> PROVIDED MATERIAL
-=-=-

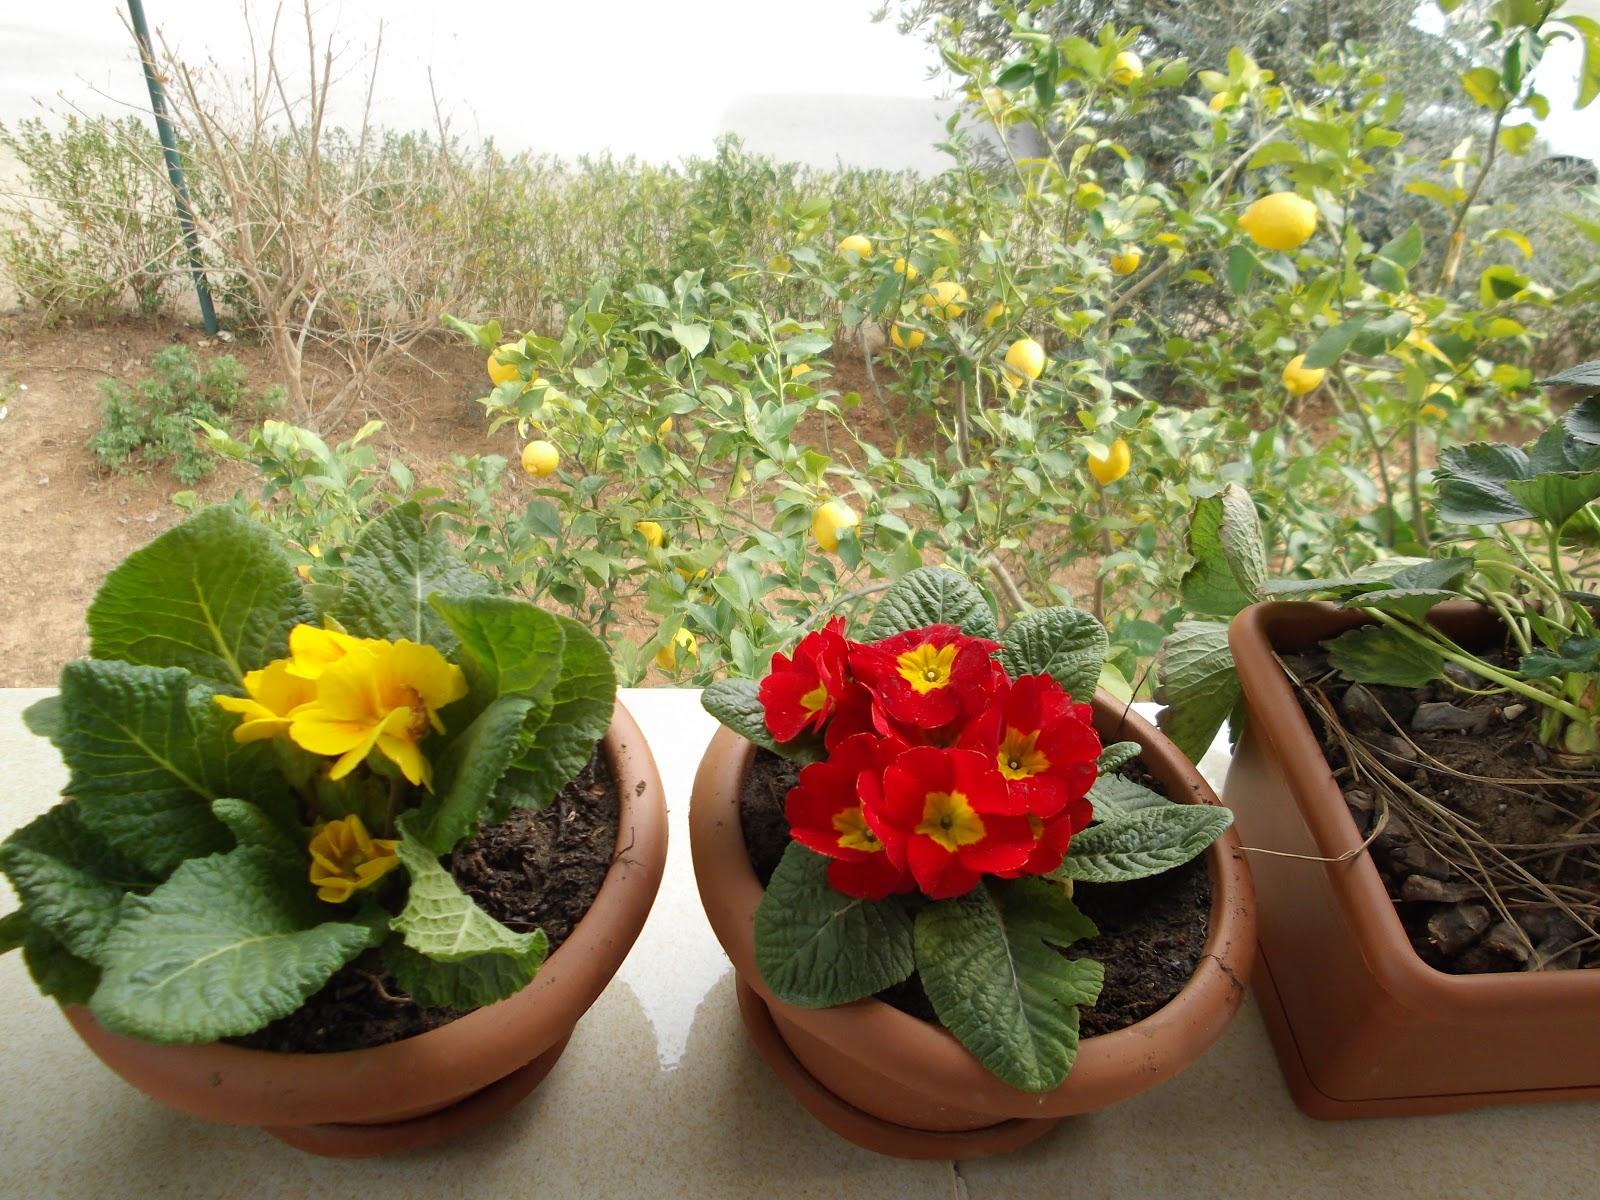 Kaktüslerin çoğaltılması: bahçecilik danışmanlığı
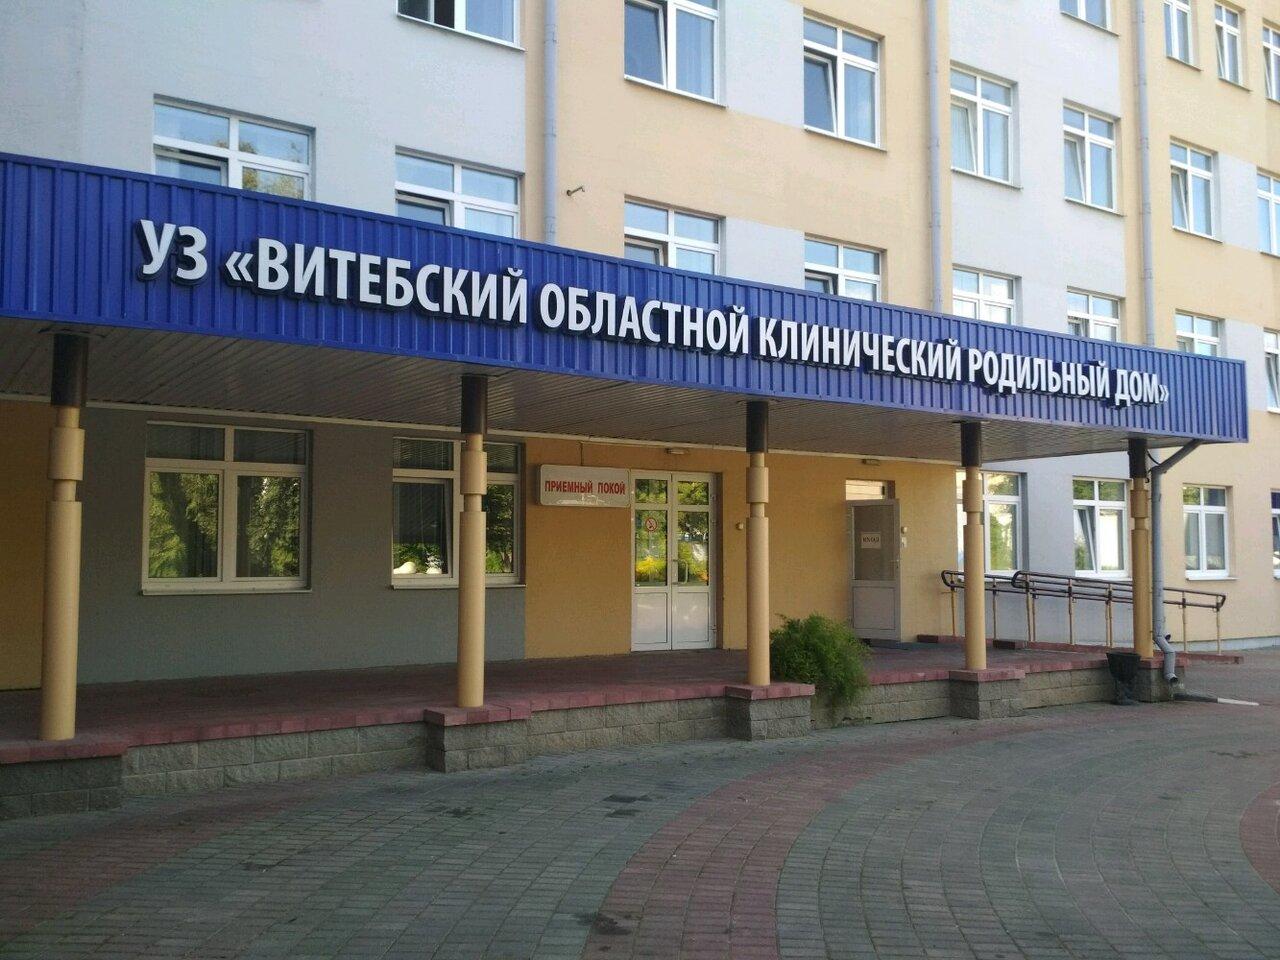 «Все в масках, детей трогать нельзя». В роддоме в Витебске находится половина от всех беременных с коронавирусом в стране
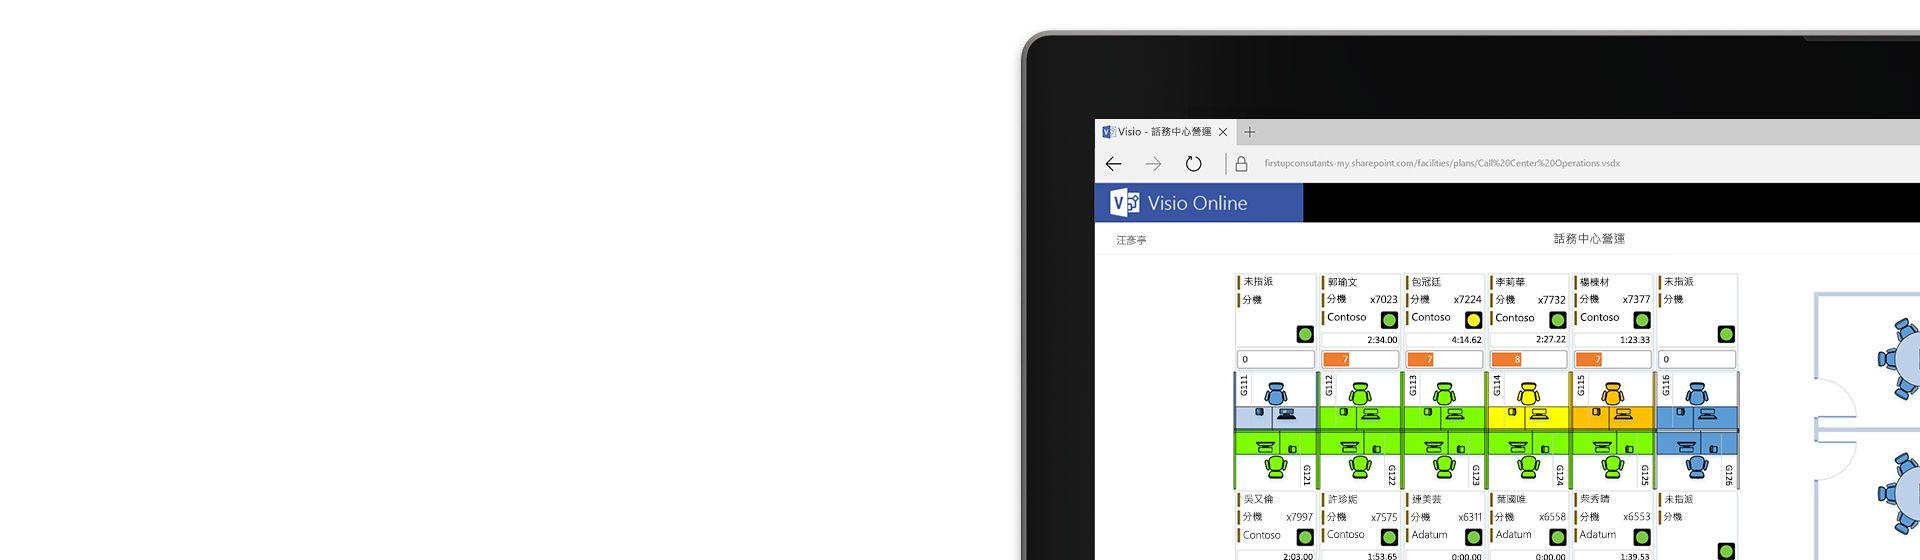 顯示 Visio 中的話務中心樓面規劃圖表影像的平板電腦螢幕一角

-=-=-

> REQUIRED ACTION
The required output is every line from the one containing "коронавирусом в стране" through the last line of the data above, restated exactly and without pictures.

> RESPONSE
 «Все в масках, детей трогать нельзя». В роддоме в Витебске находится половина от всех беременных с коронавирусом в стране
 顯示 Visio 中的話務中心樓面規劃圖表影像的平板電腦螢幕一角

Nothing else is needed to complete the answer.